Note on Factorization machines

Posted on 2 mins read

Factorization machines (FM) are a generic model class that can mimic most factorization models just by feature engineering.

FMs combine feature engineering with factorization models(matrix factorization or tensor factorization) in estimating interactions between categorical variables.

Factorization Machines Math

$$ \hat y := w_0 + \sum_{i= 1}^n w_i x_i + \sum_{i = 1}^n \sum_{j = i+1}^n \hat w_{i,j} x_i x_j $$

where $\hat w_{i,j}$ are the factorized interaction parameters between pairs

$$ w_{i, j} = \langle \mathbf{v_i}, \mathbf{v_j}\rangle = \sum_{f = 1}^k v_{i,f} \cdot v_{j,f} $$

and the model parameters $\Theta$ that have to be estimated are: $$w_{0}, \mathbf{w} \in \mathbb{R}^n, \mathbf{V} \in \mathbb{R}^{n \times k}$$

Intepretation: $w_0$ is the global bias, $w_i$ models the interaction of the i-th variable to the target and $\hat w_{i, j}$ models the factorized interaction of a pair of variables with the target.

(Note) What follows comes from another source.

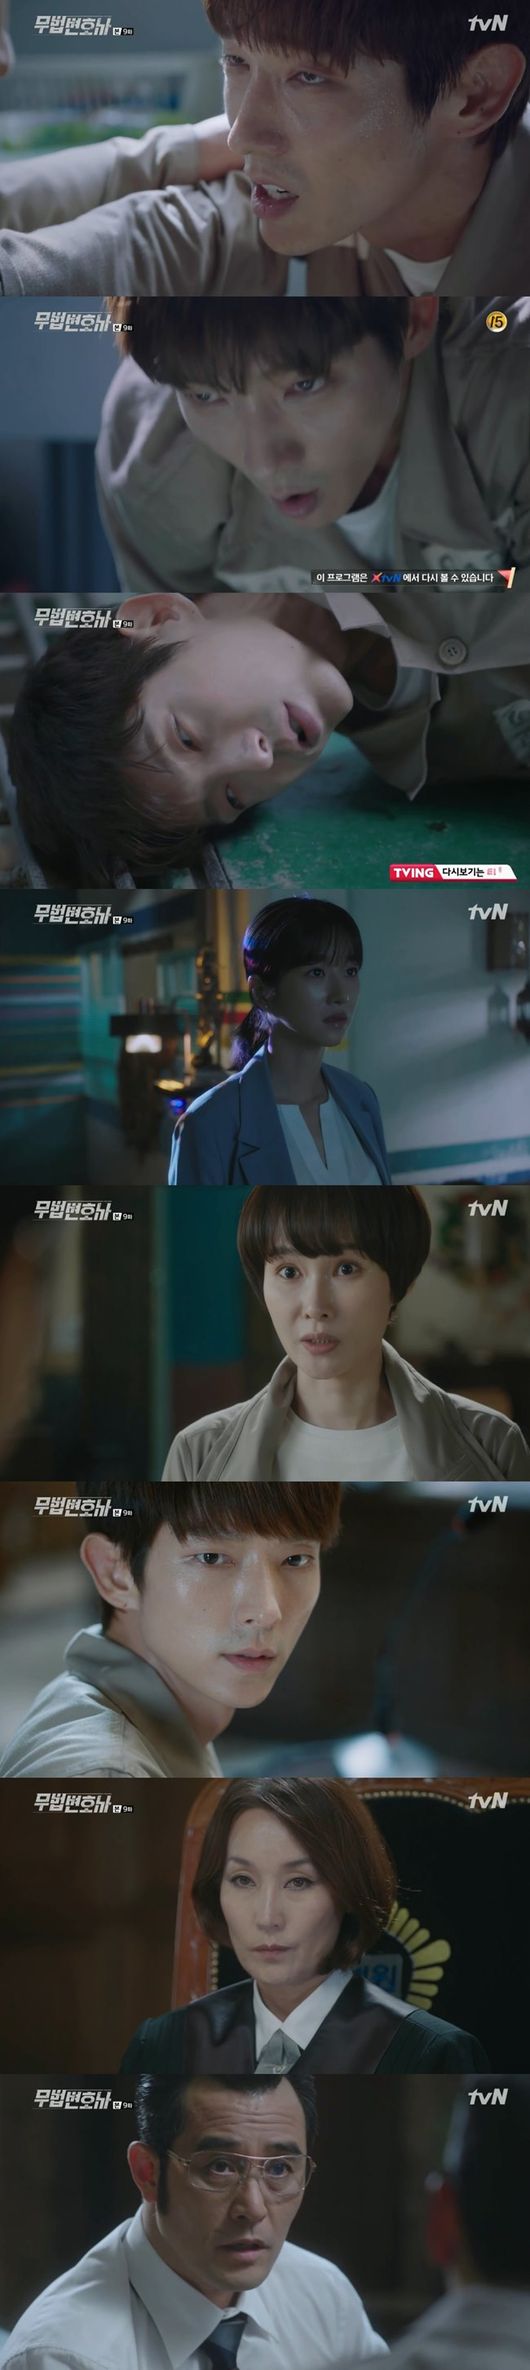 Unlawful lawyer Lee Joon-gi is again in Danger: Can Seo Ye-ji uncover Lee Joon-gis innocence?In the 9th episode of the cable channel tvN Saturday Drama Unlawful Lawyer (played by Yoon Hyun-ho and directed by Kim Jin-min), which was broadcast on the afternoon of the 9th, Ha Jae-yi was shown trying to prove the innocence of Bong Sang-pil (Lee Joon-gi), who wrote Murder An Innocent Man.Bong was arrested after writing An Innocent Man, who killed his uncle, For Heroes (the guide).An Innocent Man was written by his nephew who stabbed his uncle and dropped him from the rooftop. Ahn Oh-ju (Choi Min-soo), who worked, was shameless.Cha Moon-sook (Lee Hye-young), who knew the truth, was uncomfortable to plant.As Bong Sang-pil was hit by Danger, Ha Jae-i was embarrassed: Lawless Lawyer firms were seized and searched; prosecutors found anesthetics in law firm offices, and office staff were surprised.Huh Jae-yi hurried to see Bong Sang-pil, and Bong Sang-pil, who was shocked by the death of Choi For Heroes, was distressed.Ha Jae-yi decided to go to the defense of Bong Sang-pil himself, and he tried to protect Bong Sang-pil, and he was trying to protect the employees who were called to the police station as a reference.Ha Jae-yi visited Judge Cha Moon-sook, who said he would take on the defense of Bong Sang-pil and asked Cha Moon-sook to let him carry out the funeral of Choi For Heroes himself.Cha Moon-sook told Ha Jae-yi to accept Bong Sang-pils innocence on that condition, and Ha Jae-yi, who bowed his head to Cha Moon-sook, allowed Bong Sang-pil to attend the funeral of Choi For Heroes.Bong was in pain, more fond of him because he was the only family he had ever lived in, and he was sorry for driving him to death.Ha Jae-yi, who saw such a Bong Sang-pil, was also hard.An Oju went to Bong Sang-pil, who was angry when he asked why he killed Choi Heroes and put An Innocent Man on him.An Oju told an angry Bong Sang-pil, You are a highlight; if you want to save your people, dont breathe in it, Blackmail – Cinémix Par Chloé.Bong Sang-pil stimulated him by telling An-oh that Cha Moon-sook told Ha Jae-yi that he had tried Yi Gi.Ha Jae-yi went under investigation to exonerate Bong Sang-pil, but it was not as easy as the planned An Innocent Man.Cha Moon-sook provoked the river Michelle Chen (Cha Jung-won) by saying, Can you beat Ha Jae-yi?Anoju was also troubled by the fact that Cha Moon-sook told Bong Sang-pils lawyer that he was Yi Gi.Ha Ji-ho (Lee Han-wi), Ha Jae-yis father, visited his daughter and tried to go home together.Ha Jae-yi was embarrassed by the story that he was in charge of Bong Sang-pils defense, and Ha Jae-yi told his father that he loved Bong Sang-pil.Ha Jae-yis mother, Noh Hyun-joo (Baek Joo-hee), heard about the incident and added interest by recalling her meeting with For Heroes.Ha Jae-i stood at Bong Sang-pils trial.Prosecutor Michelle Chen claimed that Bong sang for For Heroes, blackmail – Cinémix Par Chloé, fatally wounded with a knife, and eventually dropped it off the roof to kill him.He also explained that Bong Sang-pil made it impossible to resist by administering procaine to Choi For Heroes and found the drug in Bong Sang-pils office.An eyewitness, who was pre-conducted by An O-ju, also appeared at the trial, claiming that Bong had dropped the dead man from the roof.Ha Jae-yi questioned how he could be sure that the distance between the scene of the incident and the Innocent Witness was quite far away.Then he used the billboard photos on the scene to question again whether he was sure that Innocent Witness was accurate, and Innocent Witness was embarrassed.Chun Seung-beom (Park Ho-san) claimed that Bong Sang-pil killed Choi For Heroes and tried to receive death insurance.Choi For Heroes opposed Bong Sang-pil to settle in the city, and the relationship between the two was broken.In the end, Bong Sang-pil claimed to be an anti-human Murder criminal who betrayed Choi For Heroes, killed him and tried to get death insurance.Noh went to the photo studio of Ha Jae-yis father, and caught Ha Jae-yi because he needed a photo of the proof, and Ha Jae-yi recalled his mother by taking a picture of Roh Hyun-joo.However, with the appearance of Ha Gi-ho, Noh Hyun-joo left his seat in a hurry.Noh Hyun-joo went back to Ha Jae-yi and handed her a picture of Choi For Heroes before she died, working as a chiropractor for Judge Cha Moon-sook.Noh Hyun-joo added to Ha Jae-yi, I am also fighting Cha Moon-sook.Bong was again in Danger: meeting a colleague in the prison with the organization of For Heroes.And he attacked Bong Sang-pil, not believing that Bong Sang-pil did not kill Choi For Heroes.But Bong Sang-pil tried to protect him and was hit by the Danger of Death.TVN broadcast screen capture

When we consider quadractic feature interactions, the complexity increases to $O(n^2)$ in the above formula. Now consider a very sparse set of features, the runtime blows up. In most cases, we instead model a very limited set of feature interactions to manage the complexity.

How do FMs solve the problem?

In the recommendataion problem space, the sparsity problem has been dealt with a well-documented technique called (non-negative) matrix factorization

Example image

We factorize sparse user item matrix $( r )$ $\in \mathbb{R}^{U \times I}$ into a user matrix $(u)$ $\in \mathbb{R}^{U \times K}$ and an item matrix $(i)$ $\in \mathbb{R}^{I \times K}$, where $K << U$ and $K << I$.

User $(u_i)$’s preference for item $i_j$ can be approximated by $u_i \cdot i_j$.

Factorization Machines takes inspiration from matrix factorization, and models the feature iteractions like using latent vectors of size $K$. As a result, every sparse feature $f_i$ has a corresponding latent vector $v_i$. And two feature’s interactions are modelled as $v_i \cdot v_j$.